Hi
On Wed, Mar 2, 2016 at 1:39 PM, Robbie Barton <
thesuns...@gmail.com> wrote:
> Need advice on how to virtualize ScyllaDB.
>
> I have a cluster of 2-6 1U boxes with 4-8 SSD drives in each.
>
> In Cassandra, I run Xen on each box and dedicate each SSD to it's own
> virtual machine.
> By associating Cassandra Nodes to physical disks, I isolate disk failures to
> a single node which
> can be drained and removed from the cluster.
>
> This works OK and I've tried Docker and other solutions to minimize the
> impact of virtualization
> but haven't had as much luck as I'd like.

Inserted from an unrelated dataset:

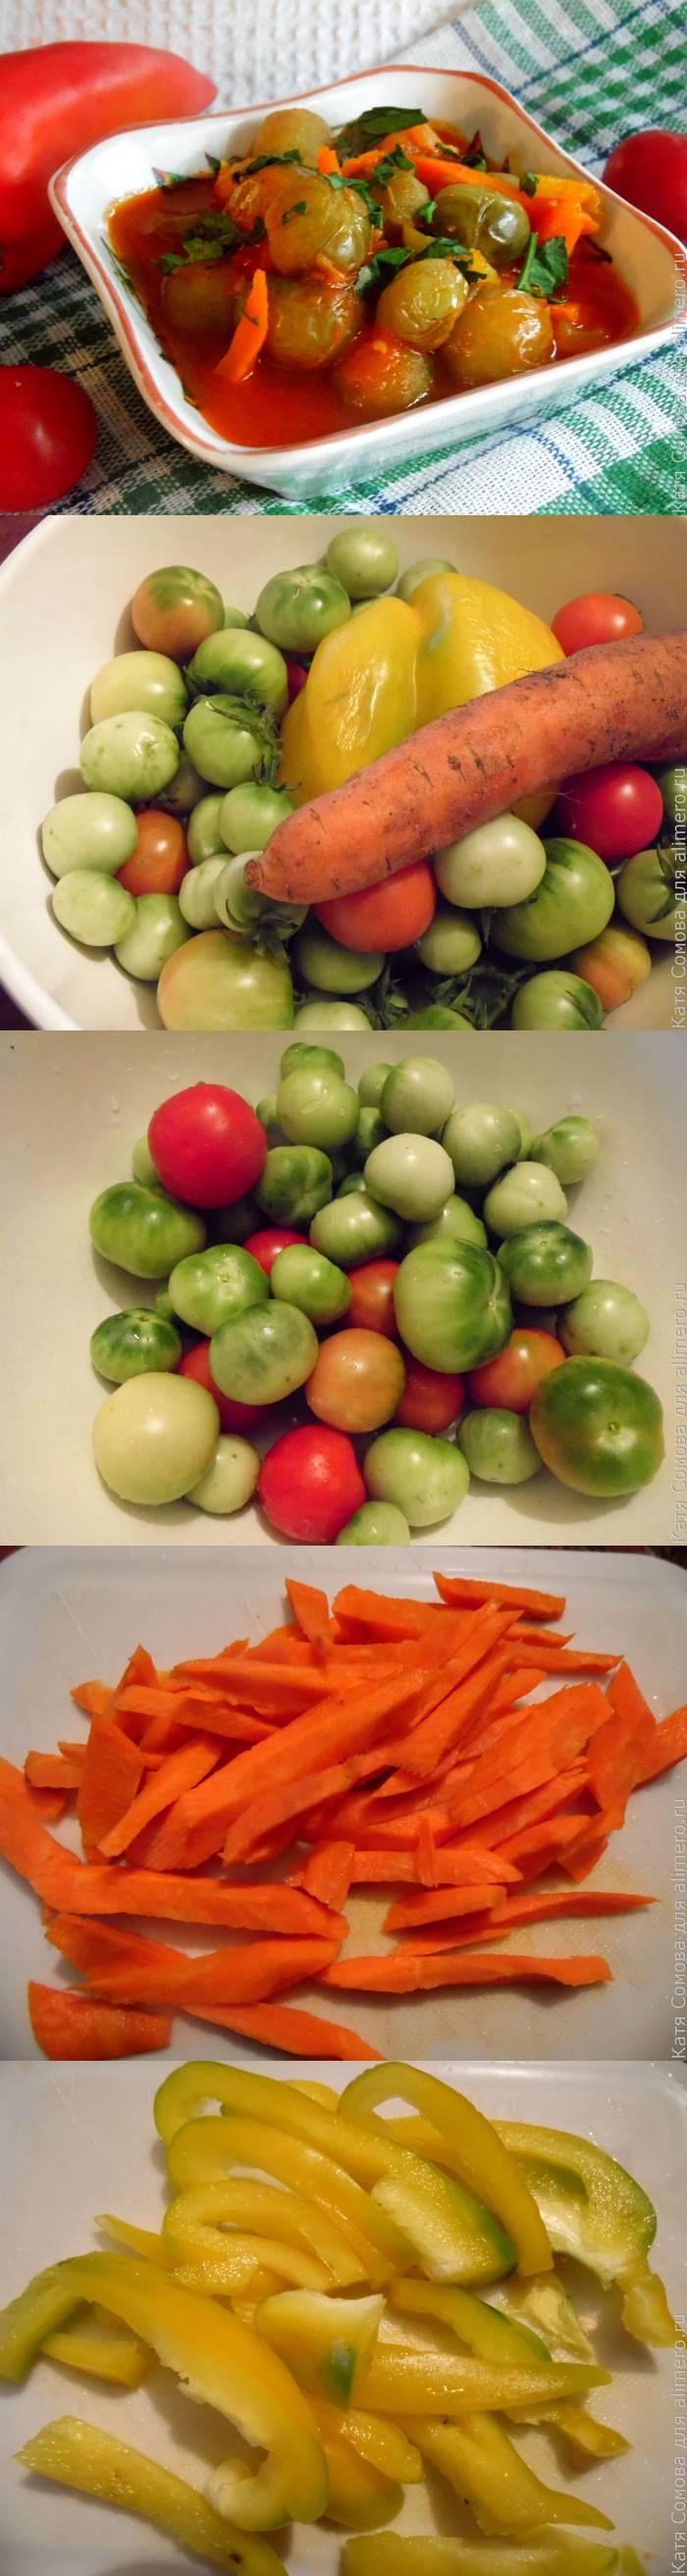 Зеленые помидоры в томатном соусе

I hope some day I can get rid of
> Xen
> and run one node per drive on the raw hardware.
>
> I'm also testing ScyllaDB and am very impressed with the performance and
> hope to use
> it as a drop in replacement after GA.
We are glad to hear that!
> Since the Scylla developers came from virtualization backgrounds, maybe they
> can do better.
>
> In other words, is it possible to create /var/lib/cassandra[1-n] filesystems
> on one machine and
> run one ScyllaDB/Cassandra node per filesystem without using Xen to
> virtualize each node?
It should be totally possible to do that.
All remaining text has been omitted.